I told Dana I’d get her out, that I’d make her mine, and I fucking meant it. And then he took her from me. My own flesh and blood, the man who is supposed to protect and nurture me, shot the one fucking woman who could silence my devil, for nothing but pure narcissistic fun.
He hit me where it hurt the most. And fuck does it hurt. I had the answer to my greatest problem literally in the palms of my hands, and he fucking stole my one shot at a normal life and being okay away from me.
Connect the dots . . . .
Fuck.
Isn’t that what Abbey’s asking for? The chance at a normal life, at finding out if I’m the one who can silence her demons? And I shoot her down by playing on her desperation to get her to face her greatest fear: intimacy.
Still think you’re changing . . .?
I’m not so sure anymore. Fuck it all. I honestly thought I was making progress, that I had been taking steps toward becoming better. But damn—I’m just the asshole I always was. Can’t escape the root of who I am, it seems.
My foot twitches, the muscles in my legs yearning to leap from this fucking mattress and tear down the road toward his damn estate. All of this traces back to that soulless motherfucker. A normal father, even a drunk who gave half a fuck, could have raised such a different child. Every damn thing I hate about who I am can be traced back to that sadistic bastard.
Hush little baby, don’t say a word. Papa’s going to buy you a—
Funny. Real funny.
Any day now, and I’ll be hand delivering that fucker his date with the devil, yet I’ve never felt farther from the end than I do now.
King wants in. He wants my old man’s reign over. King will send loyal men hand over fist through the gates of hell to try and take down the one person who’s stood the test of time: fucking Satan himself.

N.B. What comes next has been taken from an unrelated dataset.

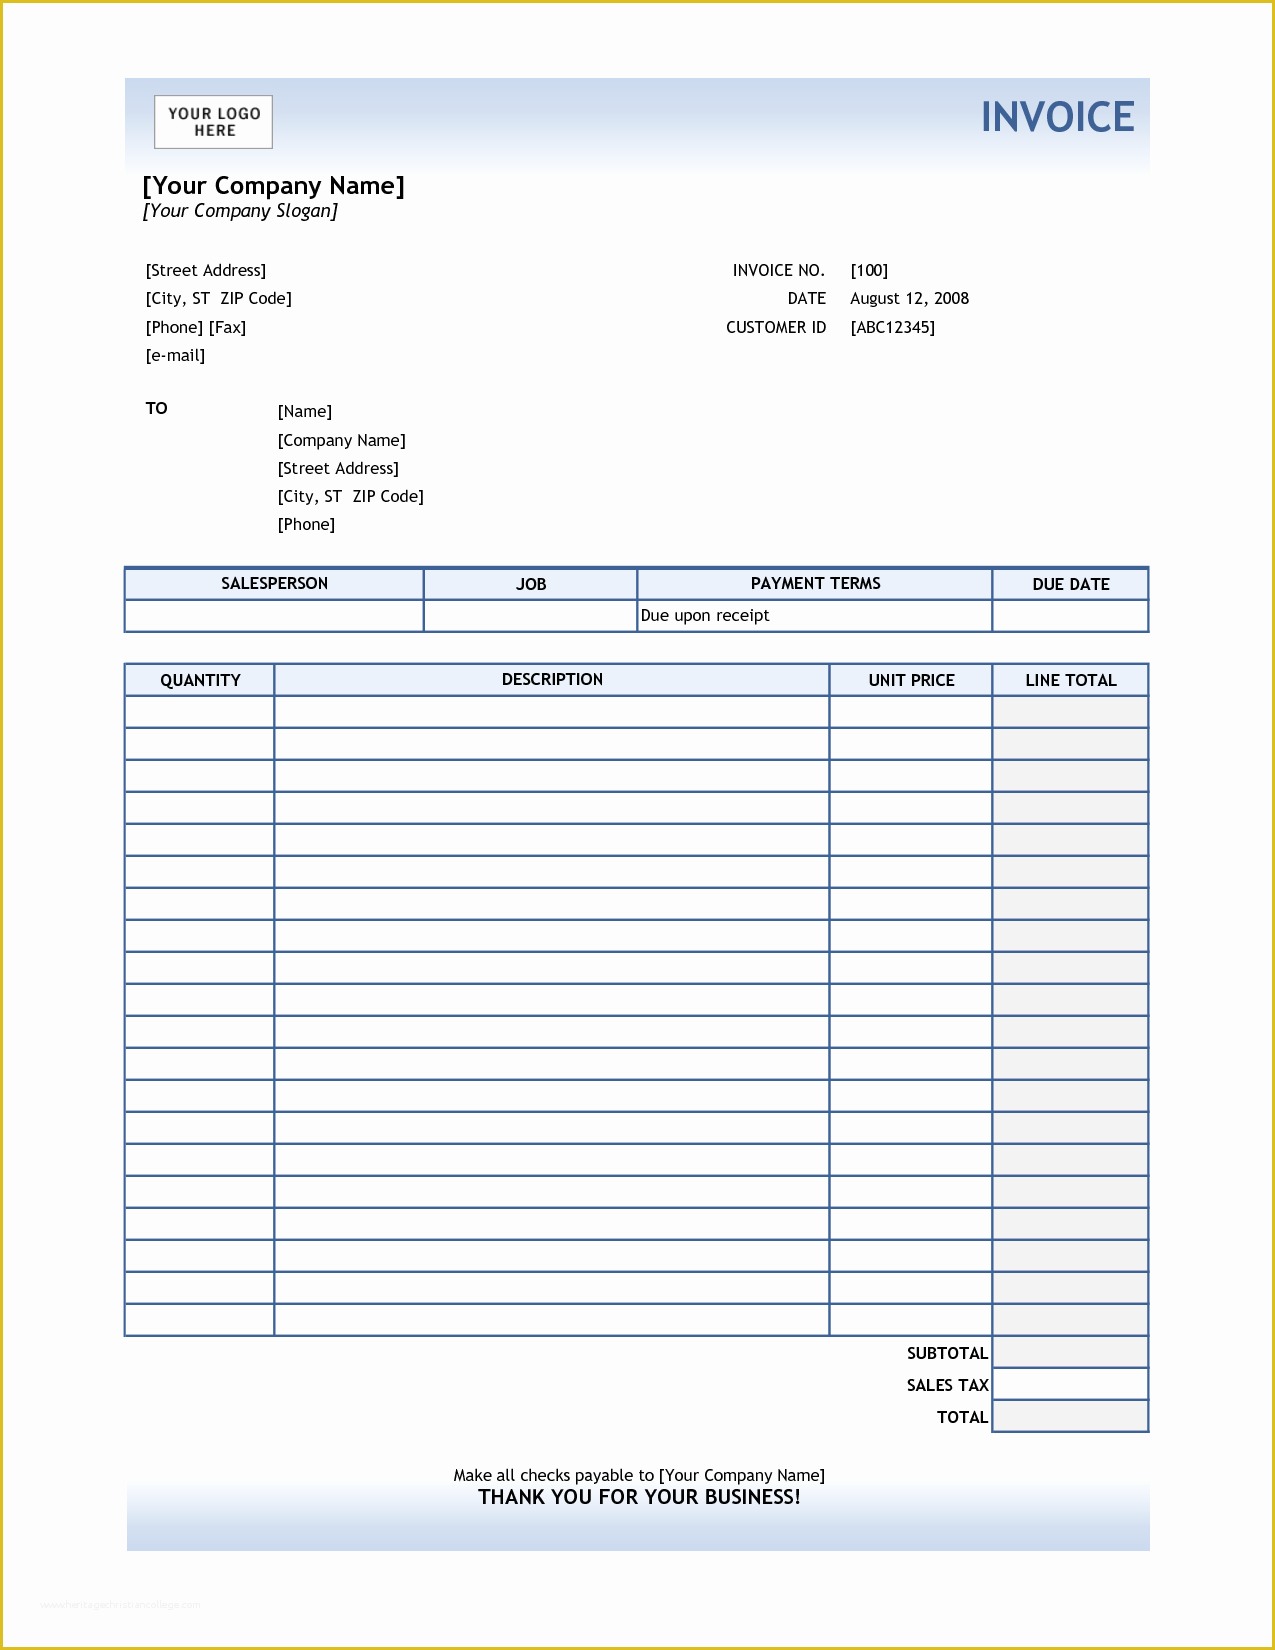 Invoice Template Excel Download Free Of Service Invoice Template Excel

I believe wholeheartedly in people’s souls being possessed, that damned spirits can occupy a person’s body and make them do crazy shit. Why wouldn’t I, of all people? Yet, ten holy men could absolve my father of all his sins, and they’d still find the heart that beats inside his body is as black and dead as the world around them.
You can’t save a person who hasn’t got anything left to redeem.
Which is why he has to die.
Which is why I have to do it.
Who better to kill the crazed man than the one who understands him best?
So poetic . . . .
Abbey asked how I’d do it, and I had the answer. It’s all I’ve thought about since kissing Dana’s corpse good-bye and running for my life like the useless motherfucker I am. I could catalogue the ways I’ve dreamed of taking his life over the years, segmented into categories, divided by weapon of choice. He’s breathed his last a million times over in my mind, and a part of me worries that the real thing, the day I truly put an end to his tyrannical reign, won’t compare.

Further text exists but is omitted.